Mentan Ngaku Surplus, Bulog Masih Butuh Impor

3 Januari 2013


Jakarta – Kementerian Pertanian mengumumkan adanya peningkatan jumlah produksi beras menjadi sebanyak 39 juta ton. Dengan total konsumsi hanya 34 juta ton, maka pemerintah menyatakan adanya surplus sebesar 5 juta ton. Namun Direktur Utama Perum Badan Urusan Logistik (Bulog) Sutarto Alimoeso menyatakan, pada tahun 2013 masih perlu melakukan impor beras sebesar 670 ribu ton.
NERACA
Saat dihubungi Neraca kemarin (3/1), Menteri Pertanian Suswono mengatakan, data surplusnya pasokan beras didasarkan pada data Badan Pusat Statistik (BPS). Sedangkan keterkaitan dengan importasi, lanjut dia, hal tersebut merupakan langkah yang diambil Bulog untuk kesiapan.
“Serapan bulog terhadap produksi dalam negeri tidak optimal, jika dia dapat menyerap sekitar 3,2-4 juta ton maka hal itu tidak terjadi,” ujarnya.
Menurut Suswono, tidak terserapnya produksi secara optimal membuat stok akhir tahun tidak dapat tercapai sebesar 1 ½ -2 juta ton. Hal itu terjadi akibat adanya penyaluran beras untuk masyarakat miskin (raskin) dan pengadaan operasi pasar.

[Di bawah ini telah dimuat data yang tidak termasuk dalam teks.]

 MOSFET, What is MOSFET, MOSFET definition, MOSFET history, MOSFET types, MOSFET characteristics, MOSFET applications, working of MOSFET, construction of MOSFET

Sejauh ini, tandasnya, kementerian pertanian telah mengoptimalkan produksi untuk memenuhi kebutuhan dalam negeri sehingga seharusnya tidak lagi diperlukan impor. Hal tersebut sejalan dengan rencana pemerintah yang menargetkan 10 juta ton per tahun. “Kita optimalkan lahan pertanian yang ada, misalnya dari 5,1 juta ton per ha menjadi 5,2 juta ton per ha,” ujarnya.

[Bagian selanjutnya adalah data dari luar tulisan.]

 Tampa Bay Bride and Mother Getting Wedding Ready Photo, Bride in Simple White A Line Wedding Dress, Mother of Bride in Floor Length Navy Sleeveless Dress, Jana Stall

Di samping mengoptimalkan lahan pertanian, Suswono menyebut, yang menjadi tantangan bagi optimalisasi produksi pertanian yaitu perubahan iklim dan adanya konversi lahan sebesar 100.000 ha per tahun. Hal tersebut sangat ironis karena yang menjadi masalah impor selama ini adalah akibat keterbatasan lahan. Karena itu, pihaknya telah mengusulkan untuk tiga tahun ke depan tidak ada konversi lahan. Draft mengenai hal tersebut telah diajukan dan akan dibahas di lintas menteri untuk kemudian disampaikan ke Presiden.

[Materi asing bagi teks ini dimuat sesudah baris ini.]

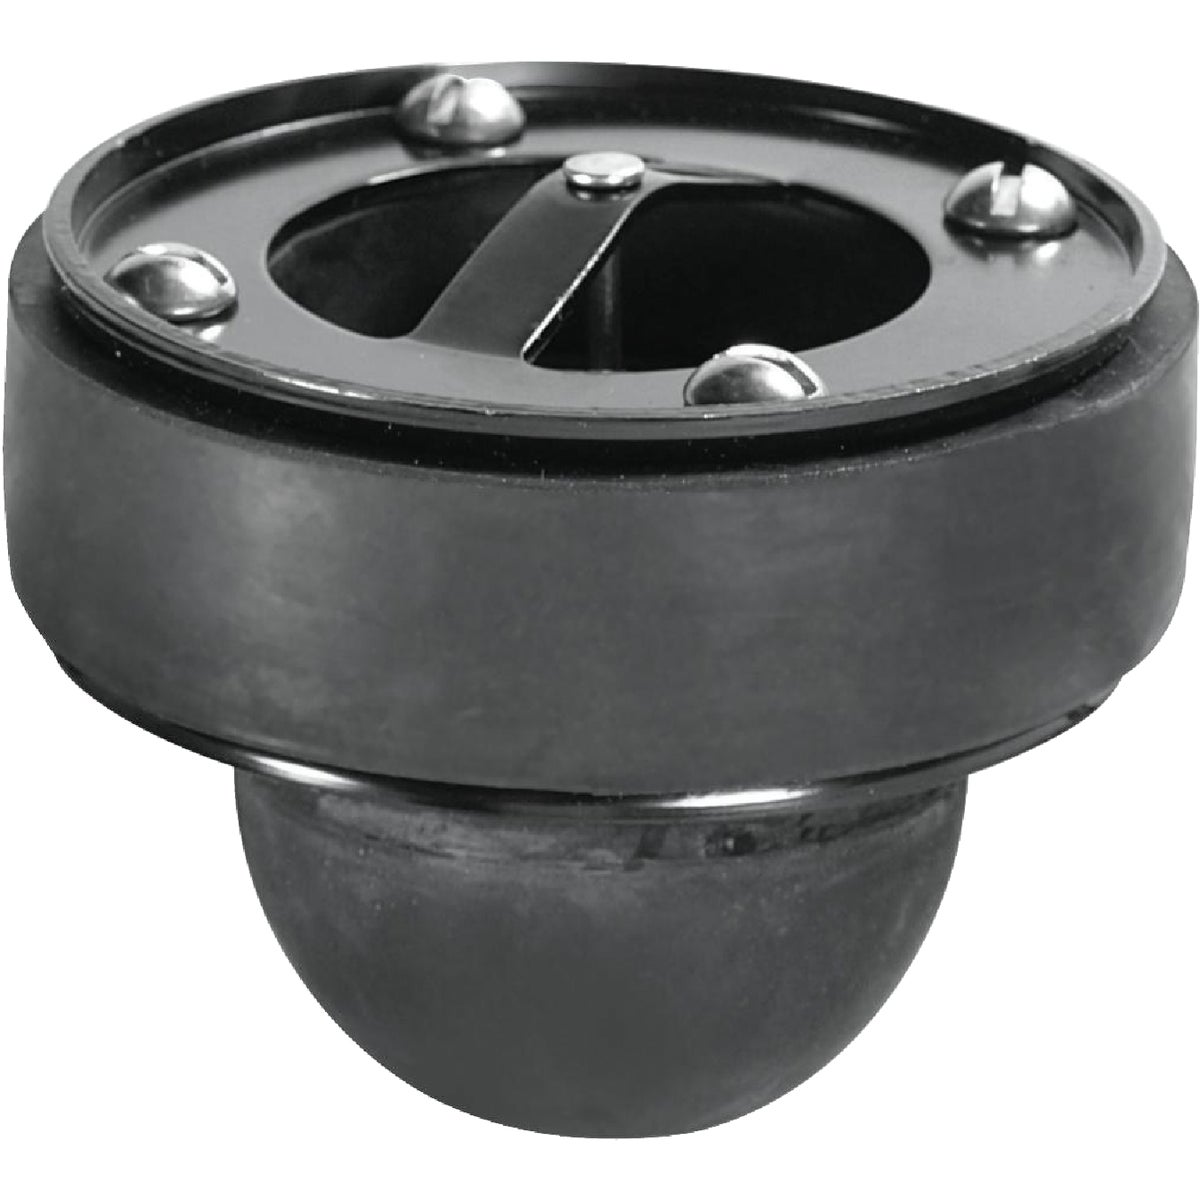 Item 441631, Flood-Guard operates like a check valve to seal off water back-up caused by

Sebelumnya, Sutarto mengutarakan, Bulog tidak akan mengimpor beras pada 2013 apabila stok beras mencapai 6%. “Kalau hasil pertanian meningkat dengan capaian 6% sekitar 3 juta ton lebih, kita tidak akan mengimpor beras.Namun apabila itu tidak tercapai, kita akan lakukan impor,” katanya kepada wartawan di Jakarta, Kamis.
Menurut dia, apabila tak tercapai, maka pihaknya akan mengupayakan impor beras maksimal 670 ribu ton beras. Angka tersebut adalah jumlah yang maksimal yang harus diimpor sebagai akibat apabila produksi beras tidak mencapai target.
“Untuk mencapai beras 6% tahun ini kita berharap curah hujan bersahabat (tidak banjir) agar tidak terjadi sebagaimana tahun 2007 hampir 100 ribu hektar tergenang banjir yang menyebabkan gagal panen 400 ribu ton di Jawa,” katanya.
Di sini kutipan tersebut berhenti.